At a dialogue in Jakarta on Saturday, Mr Prabowo had reportedly said that much of Indonesia’s current political and economic systems go against its fundamental philosophy, laws and traditions, and against the 1945 Constitution. “Many of these ideas that we have applied are disadvantageous to us, they do not suit our culture,” he was quoted as saying by The Jakarta Globe.

The 1945 Constitution concentrates authority with the President.

The report added that Mr Prabowo also said that while Western-educated Indonesian elites presume that ideas such as one-man-one-vote, and direct elections for provincial and legislative positions are the best on offer, they may not be “appropriate”.

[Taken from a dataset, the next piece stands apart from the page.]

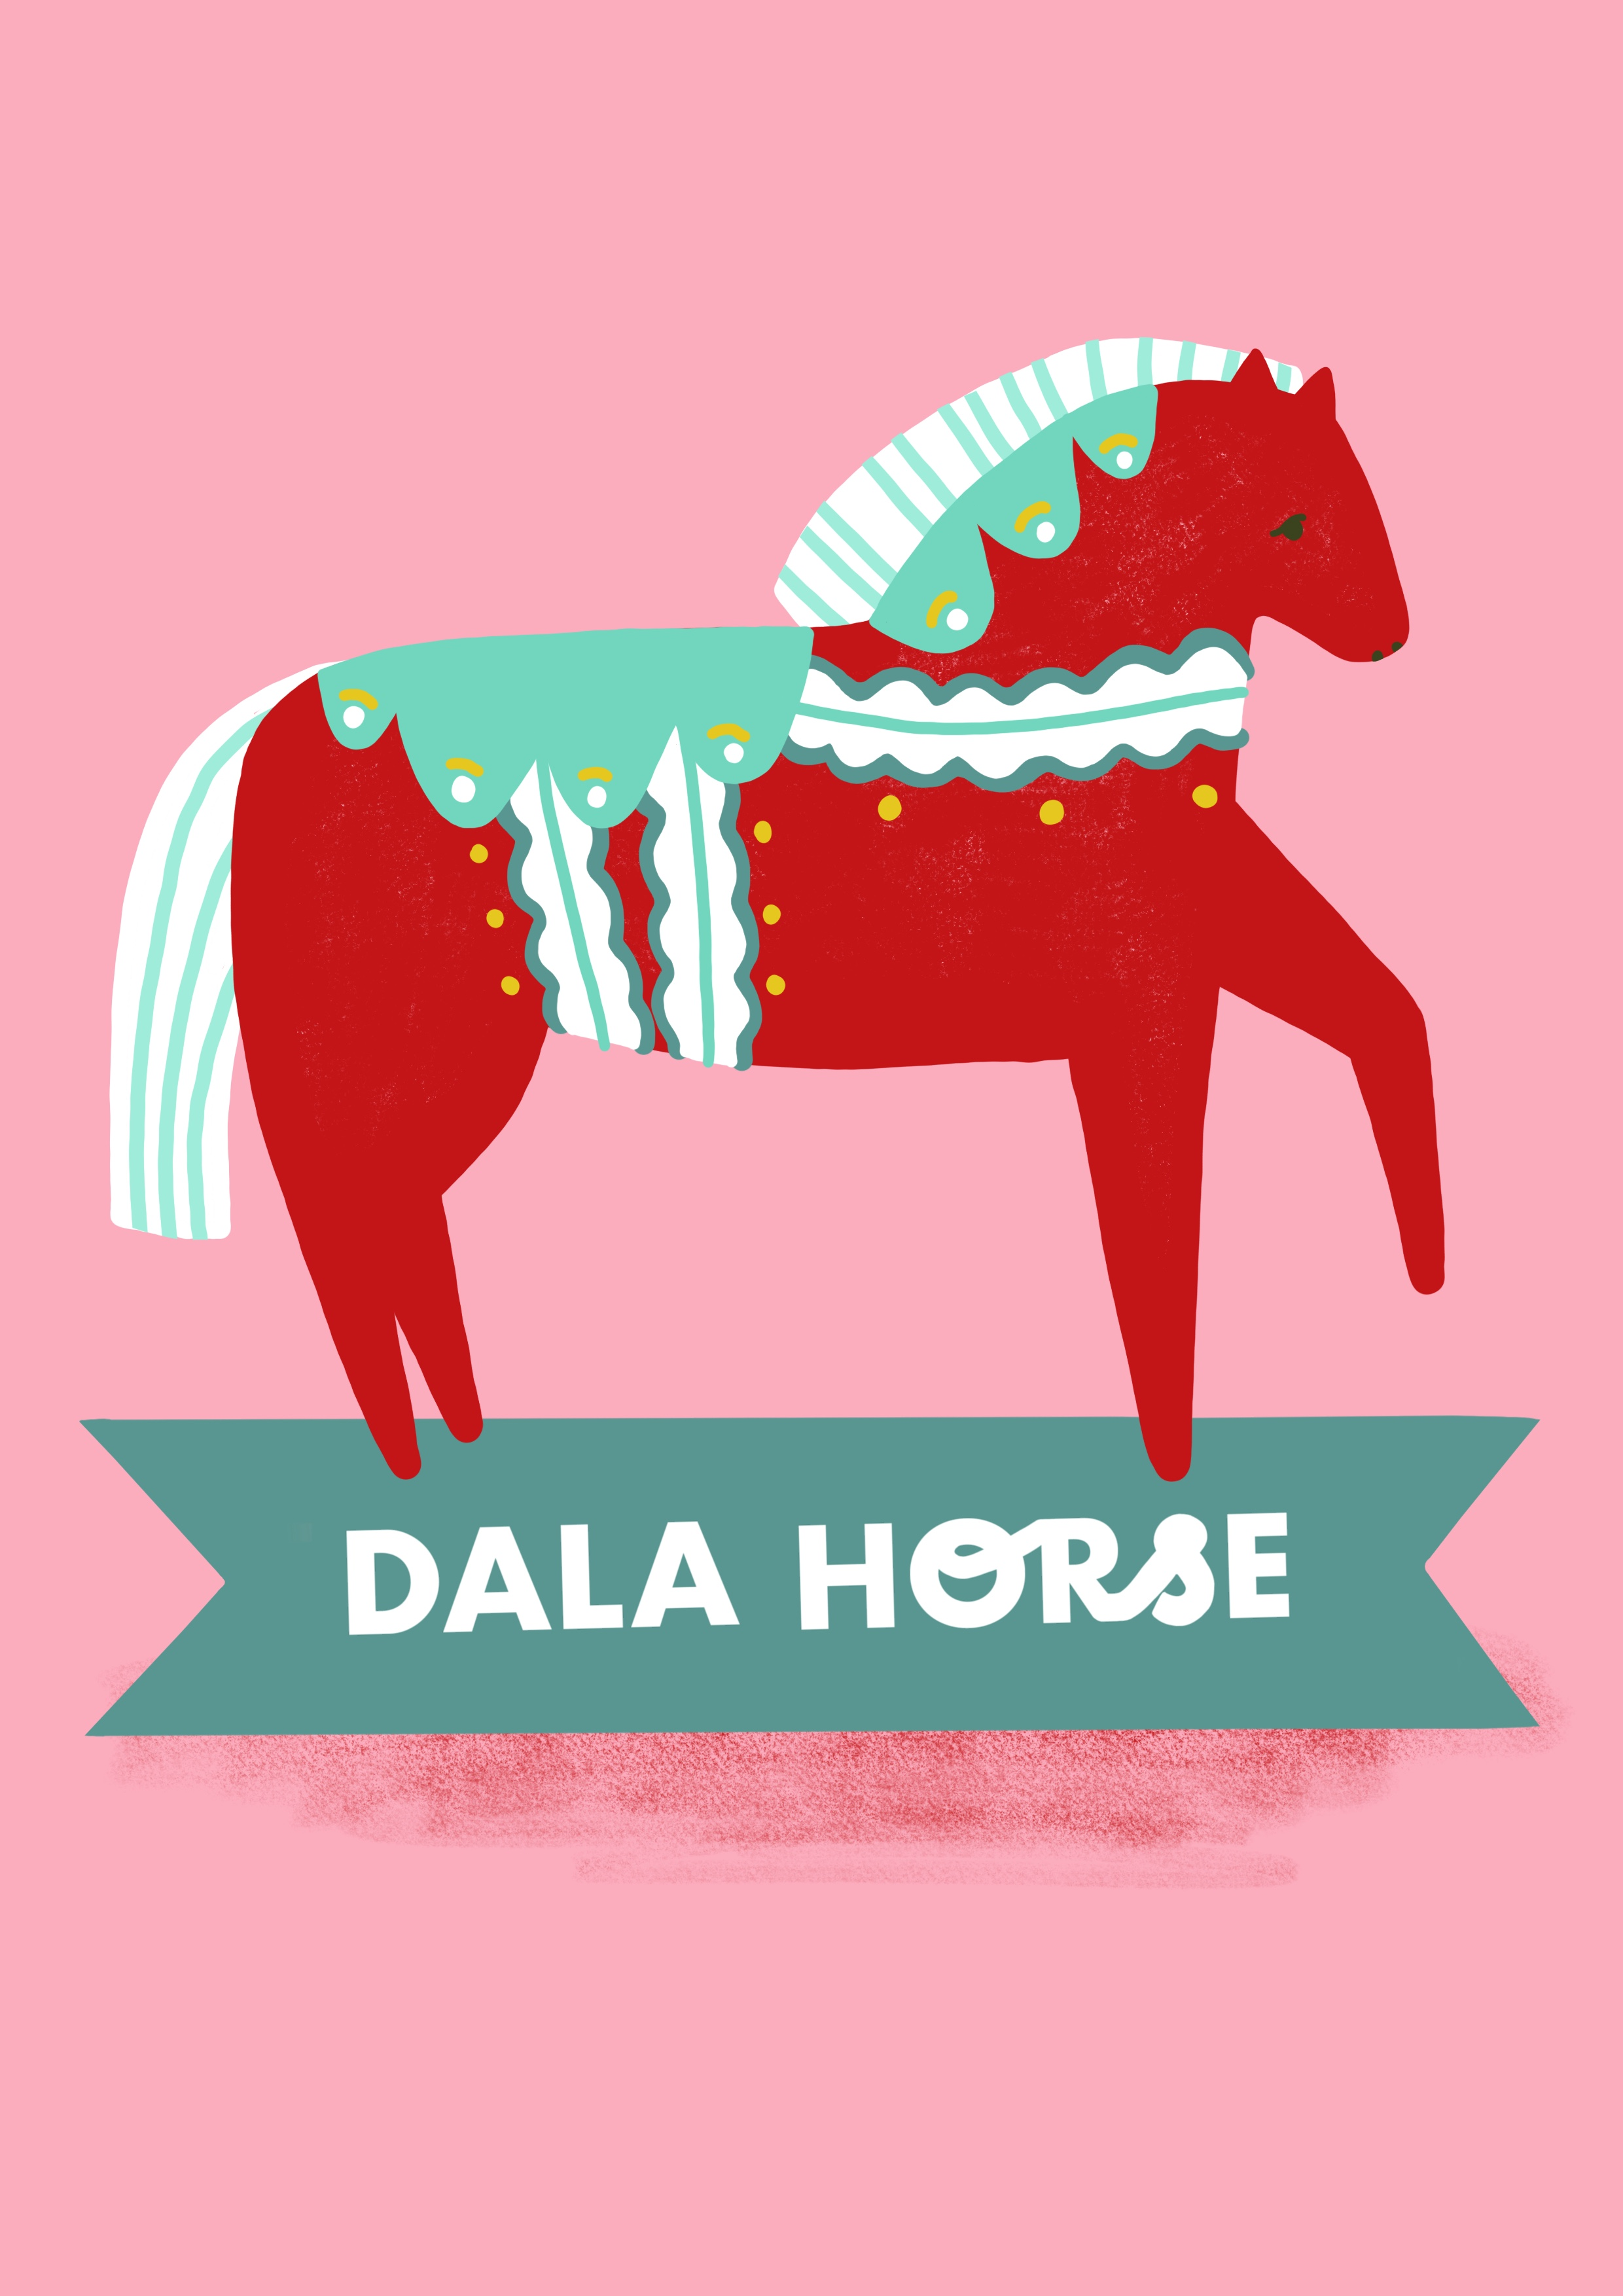 Dala Horse A4 Print

Clarifying his comments on Monday, he said: “I was just commenting that the original concept of our founding fathers is actually more towards Westminster parliamentary democracy ... You can get majority rule in Parliament, you are automatically chief of the executive.

“In our opinion, it could be cheaper and (involve) less vote-buying ... So that was the context of my comments, not that I (was) proposing to cut direct elections,” Mr Prabowo added.

Dr Edward Aspinall and Dr Marcus Mietzner, ANU Indonesia specialists, noted that it is very rare in the modern world for would-be autocrats to openly state that they want to destroy the electoral system through which they seek to achieve power.

“We probably need to go back to the fascist movement of 1930s Europe to find such explicitly authoritarian sentiments expressed by electoral movements that end up winning elections,” the professors said on New Mandala.

Mr Prabowo’s remarks come in the wake of American journalist Allan Nairn’s disclosure last week, of his off-the-record interview with Mr Prabowo in June and July 2001.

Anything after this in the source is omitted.